Absurd though the plan may be, the segmented journey undertaken by the blue-ribboned coffin, accompanied by Georgina, Adolfo, and Candido allows for plenty of misadventures as well as lively, affecting insights into Cuban survival techniques that show the film maker's love for his country. What emerges is a subsistence roadside economy with no supplies and no work. Tobacco and alcohol seem more available than food, which is secretly and guiltily consumed at clandestine "off the chart" dining enclaves. At some road stops cafes are only for mourners and refreshments have to be ordered in advance.

Doing some black marketeering on the side, the hearse chauffeur takes on board strings of garlic and, on one occasion, to Adolfo's great chagrin, is obliged to make a detour and do double duty as an ambulance for a woman in labor.

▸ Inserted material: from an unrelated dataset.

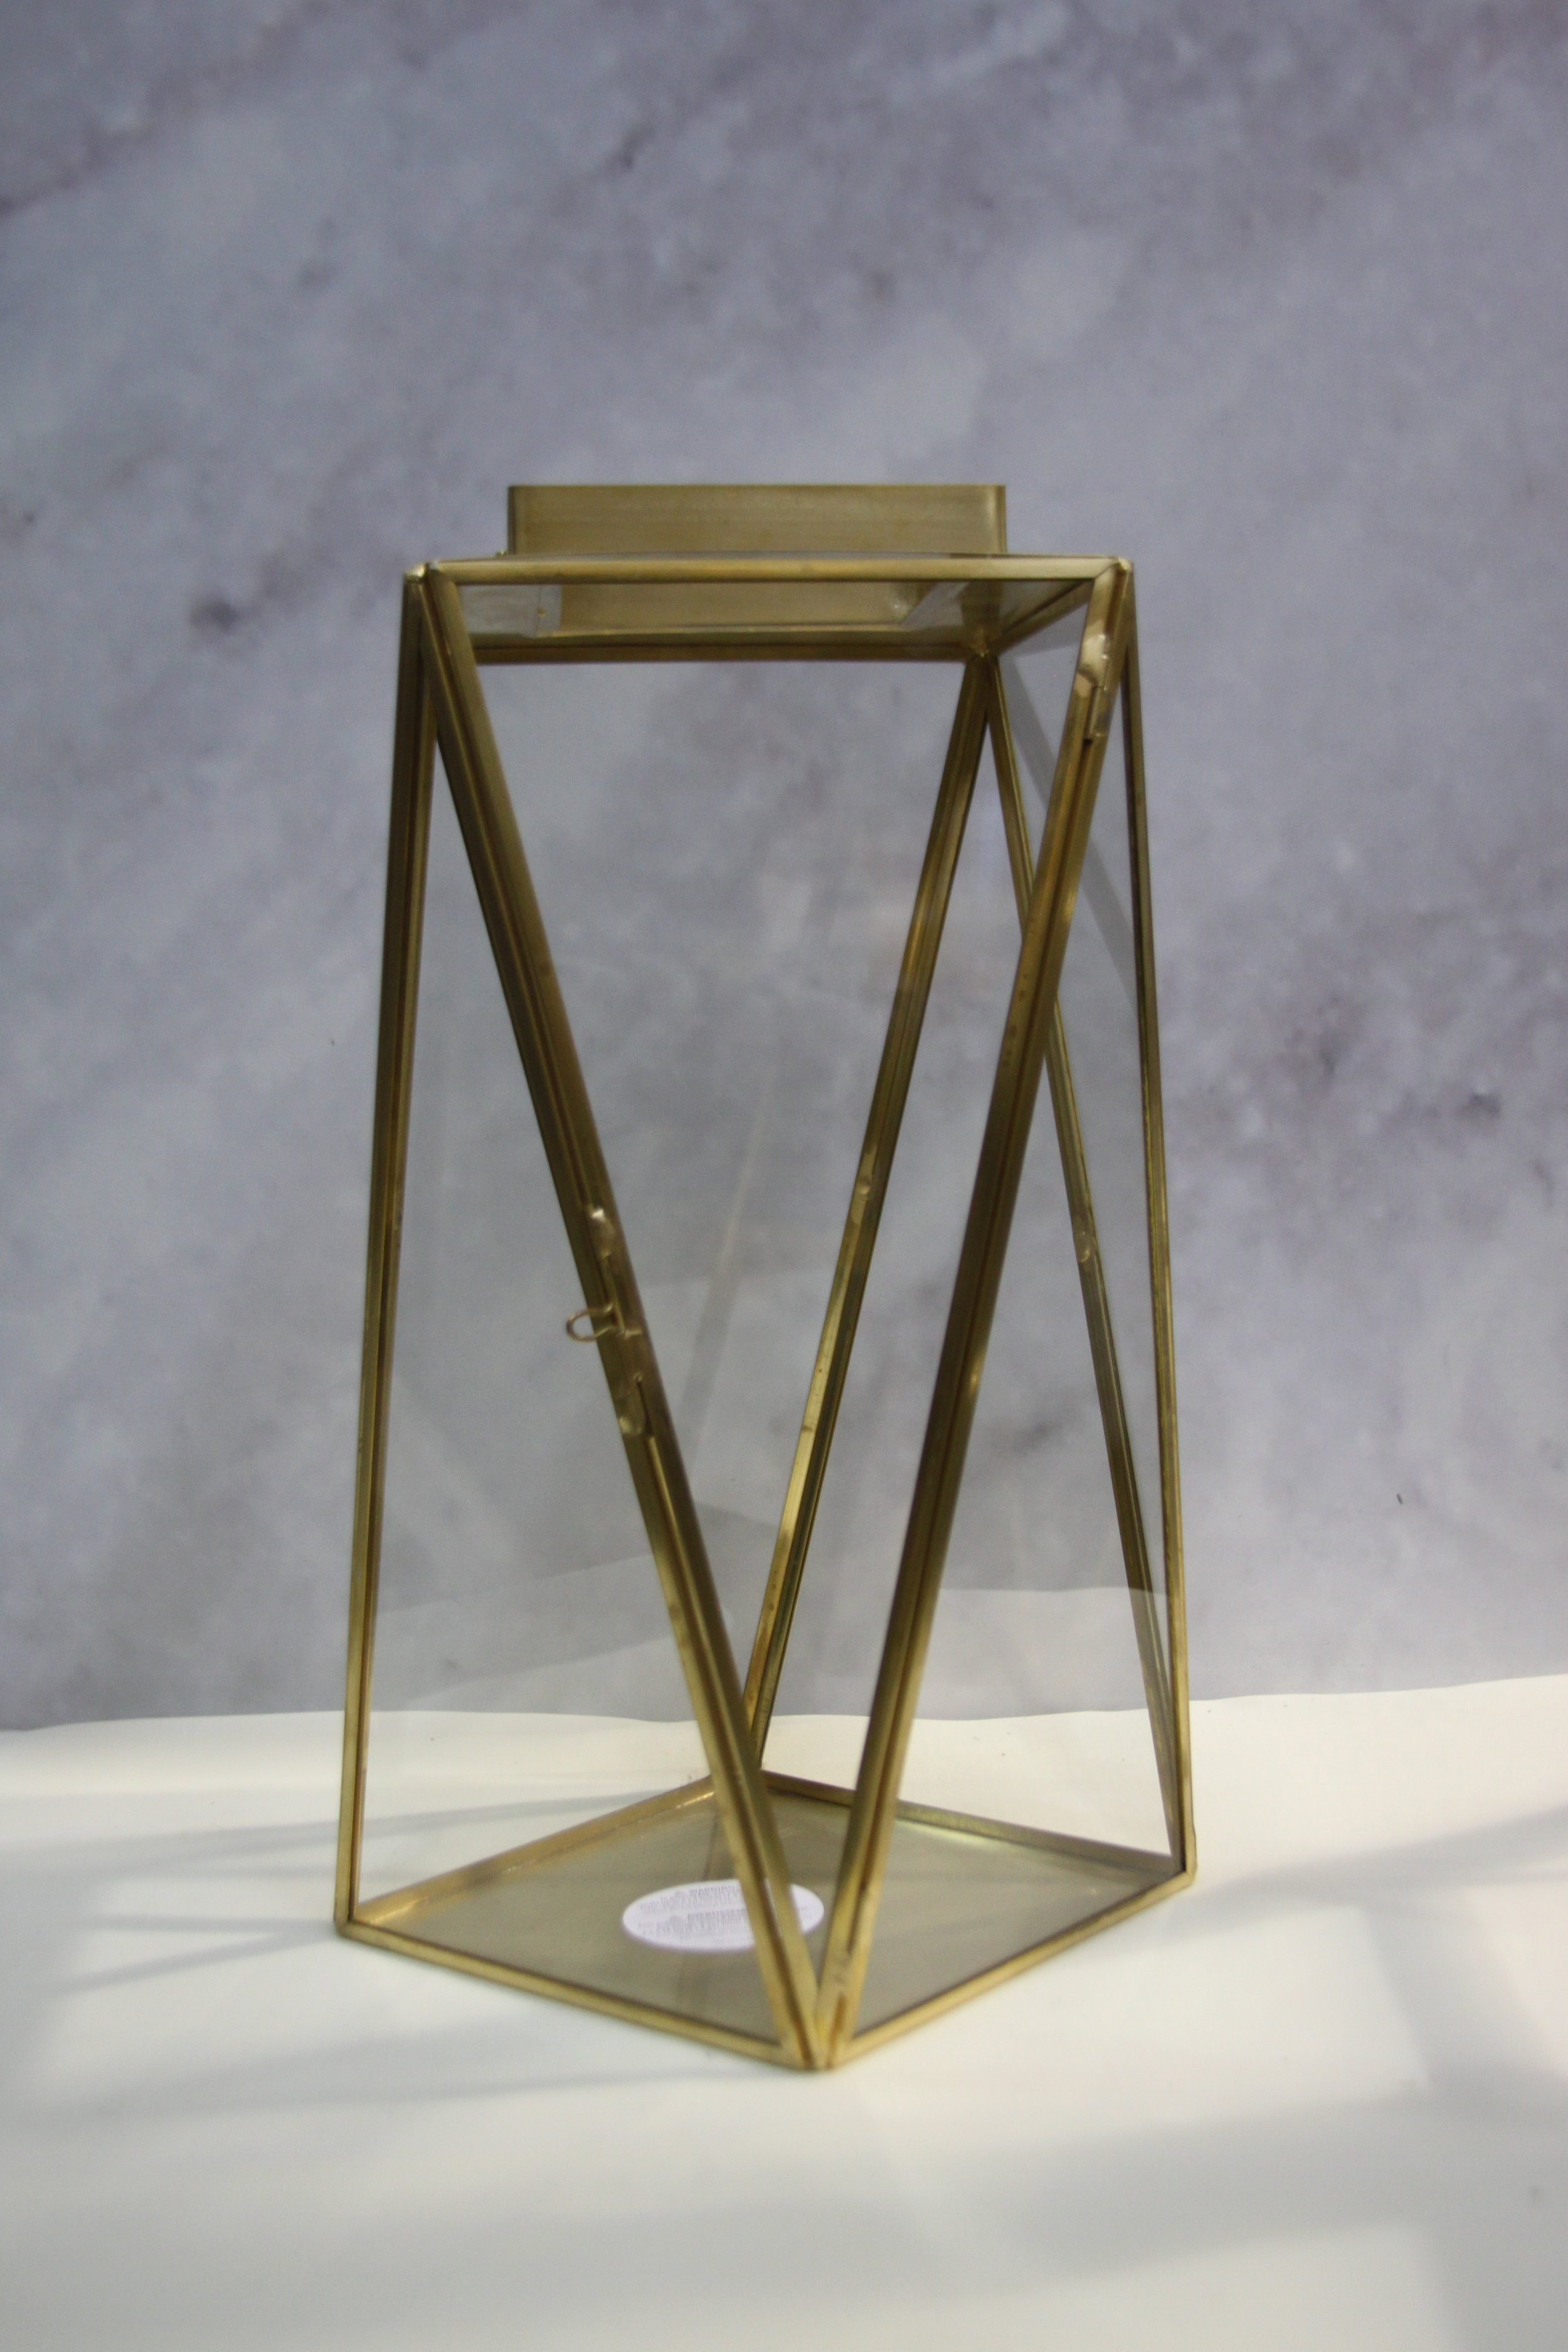 LA-4: Geometric Lantern

The second arm of the story is supplied by a giant tractor-trailer, not so much driven as presided over by gorgeous macho man Mariano (Jorge Perugorria of "Strawberry and Chocolate"), which is taking the same route to Havana as the motorcade. With his sumptuous physique, Mariano's life is as messy, impromptu and hedonistic as Adolfo's is rule-bound and killjoy. (Adolfo calls his wife a "puta" when she buys a floral print dress identical to Aunt Yoyita's). Acting as God's gift to women, Mariano runs into trouble assuaging his lust at every truck stop, all very amusing.

Meanwhile, his companion and advisor Ramon makes some income on the side by jampacking the trailer with people sans wheels and desperate to get themselves, their produce and their livestock to the nearest market.. But--luck wins out, and repeated chance encounters at truck stops with Georgina, Mariano's former professor, eventually lead Mariano to betray his secret crush on her and thereby to fuel the more mushy romantic comedy aspect of the story. Georgina is egged on in matters of the heart by Candido, who acquires a catalytic role in the film. While Yoyita left Guantanamo and became a famous opera singer, Candido, a saxophonist, stayed behind and never fulfilled his ambition of playing in the Symphony Orchestra. Ironically, he now gets to leave, but it's on Yoyita's final voyage.

The itineraries of the two vehicles are entwined about each other in a double helix like the strands of a DNA molecule, with the twin tracks carrying the film's themes of love and death. which richochet off each other in myriad ways, giving the story a rich texture. It's as if by the rekindling of passion in Yoyita, the flame is passed along to Georgina, with Candido the flame keeper. The overlapping and intersecting between the two journeys--and the contrast between the men in Georgina's life--keep plot elements stewing nicely. Alea is a past master at exploring the dramatic potential in contradictions, and the pace of the film is leisurely enough to allow Alea's final meditation on love and death to surface.